親切な内容のメールを送ってくれたことは、ありがたいのですが、本当にごめんなさい。
今日になって、もう1つ気づいた。
とにかく誰とも繋がりたくないのである。
対面で話すことはもっとできない。
外に出る気にもなれない。
その後もメールは来る。
iPhoneのメールアプリにくっついている赤丸の数字が増える度に、気持ちが重く暗くなった。
「今は返信できないんです。ごめんなさい。」
そうを伝えるのは、社会人のマナーだと考えていた。
しかし、今はそれさえできないのである。
メールが来る度に、自分の情けなさが露呈される。
だから億劫で仕方なかった。
今度は、同期のOくん。
「大丈夫ですか。みんなで飲みませんか。

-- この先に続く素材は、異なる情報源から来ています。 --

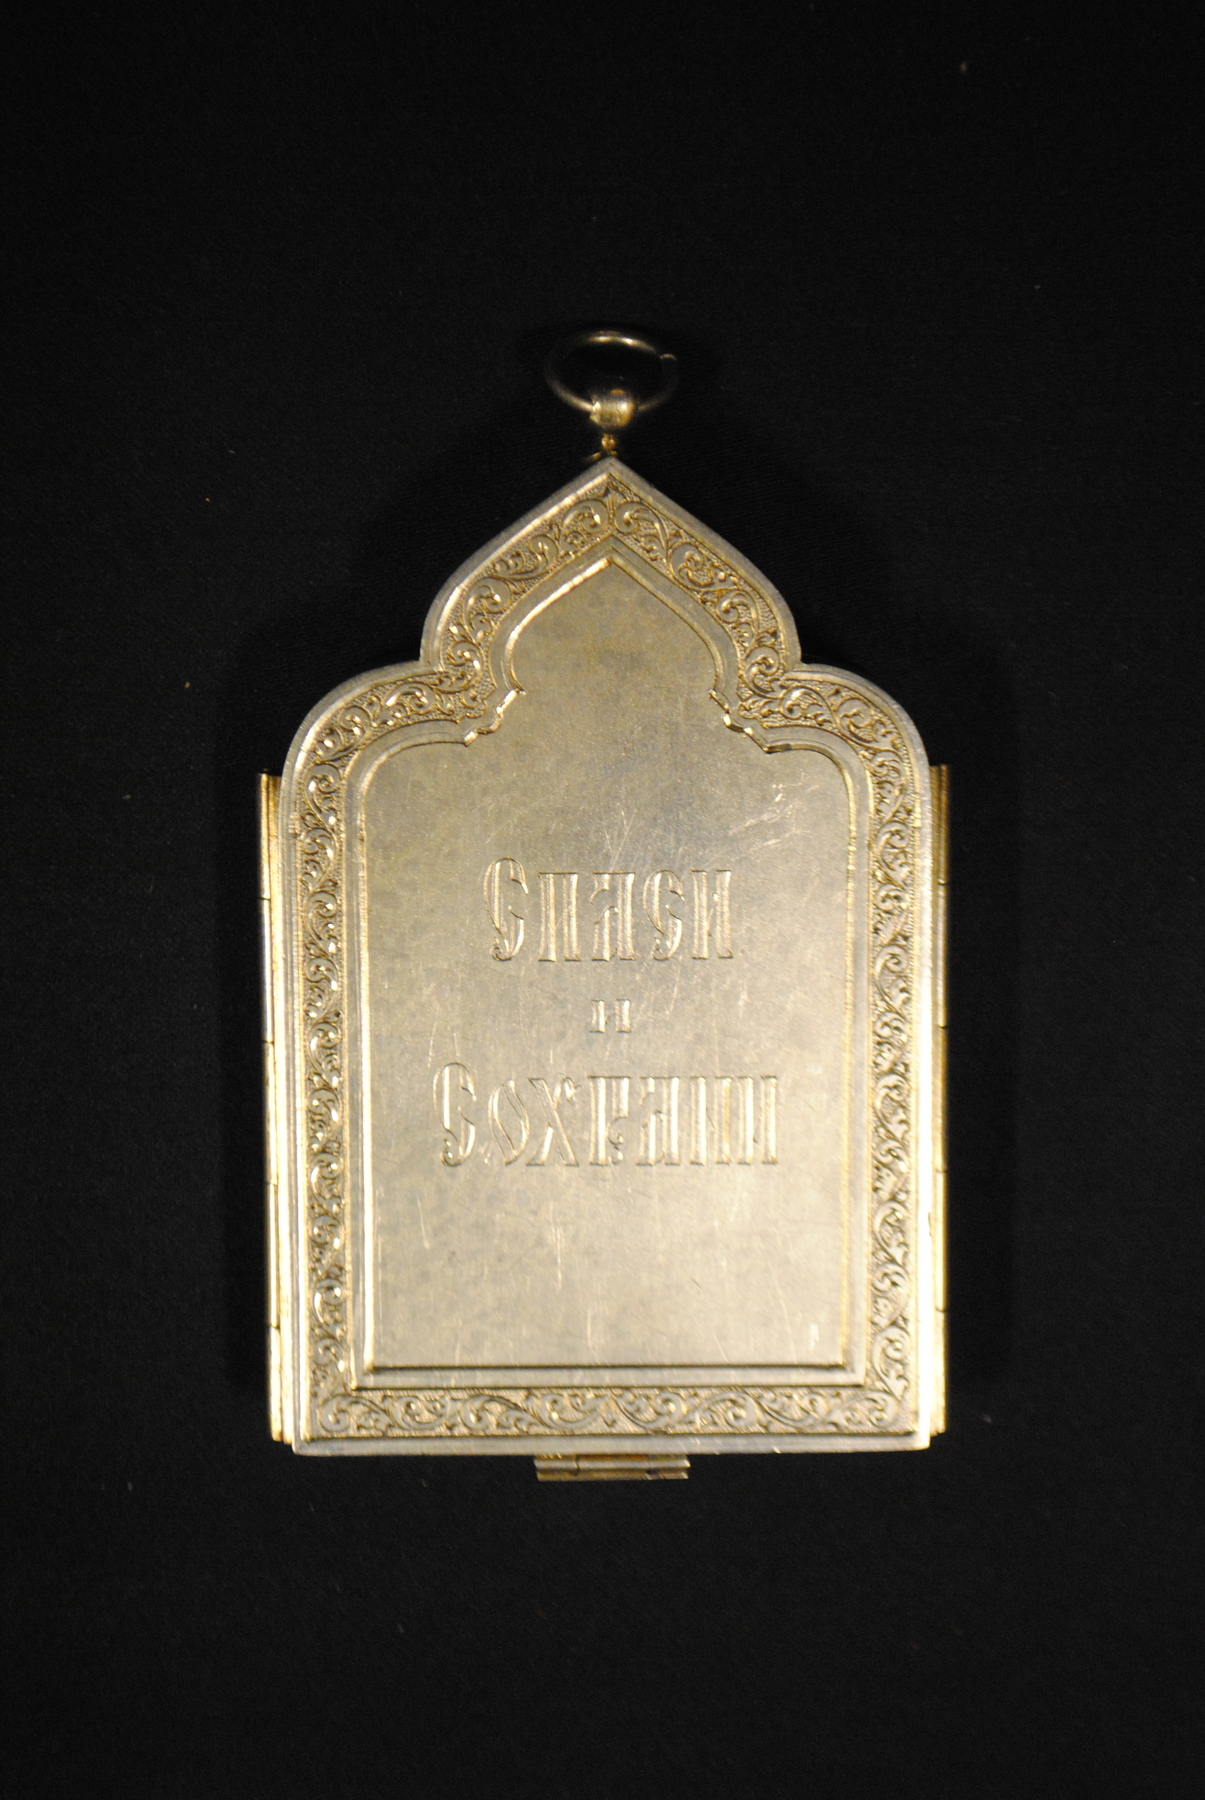 OIL ON ZINC, STAMPED WITH MAKER’S MARK AMM IN CYRILLIC, MOSCOW, 1880s, 84 STANDARD

」と書かれている。
返信のボタンを押す気になれない。
みんなって誰⁉︎
同期かな?
とてもじゃないけれども、飲みに行ける状況ではない。
Oくんから、メールなんて来たことない。
実は、私はOくんに好印象を持っている。
Oくんはイジられやすいポジションだから、
Dくんに「返信がないから、連絡しろ」とでも言われたのかな?
Oくんからメールが来て、嬉しくないと言ったら嘘になる。
でも、Oくんの言うみんなは、Oくんが誘ったら私が飲み会に来ると思っているのだろうか?
性格悪いな。私。
物の考え方も、かなり卑屈になっている。
さらに、メールの着信があった。
今度は、青年団体のお姉さんからだ。
ひぇぇぇ、町民にまで私が無断欠勤していることを知られている。
ホントどうしよう。
このお姉さんからは、メールが来るのは初めてだった。
「私もメンタルクリニックに通った時期があったから、話を聞けるかもしれません。良ければでいいので、辛いことがあれば力になります。」
と書かれていた。
お姉さんの文章にジーンとした。
お姉さんはどう思ってメールを送ったのかわからないけれども、なんとなく共感しようとしてくれている感じがした。
もう少し元気だったら、お姉さんと話せたかもしれない。
しかし、どうしても返信のボタンを押せなかった。
町民にもこの状況について、話が広がってしまったんだ。
私は町中で評判が悪くなるかもしれない。
事務所どころか、この町にいられないのではないか。
皆さん、私の存在は無いものだと思ってください。
一層のこと、私自身が「私の存在は消えてしまったほうがいい。」と考えているのですから。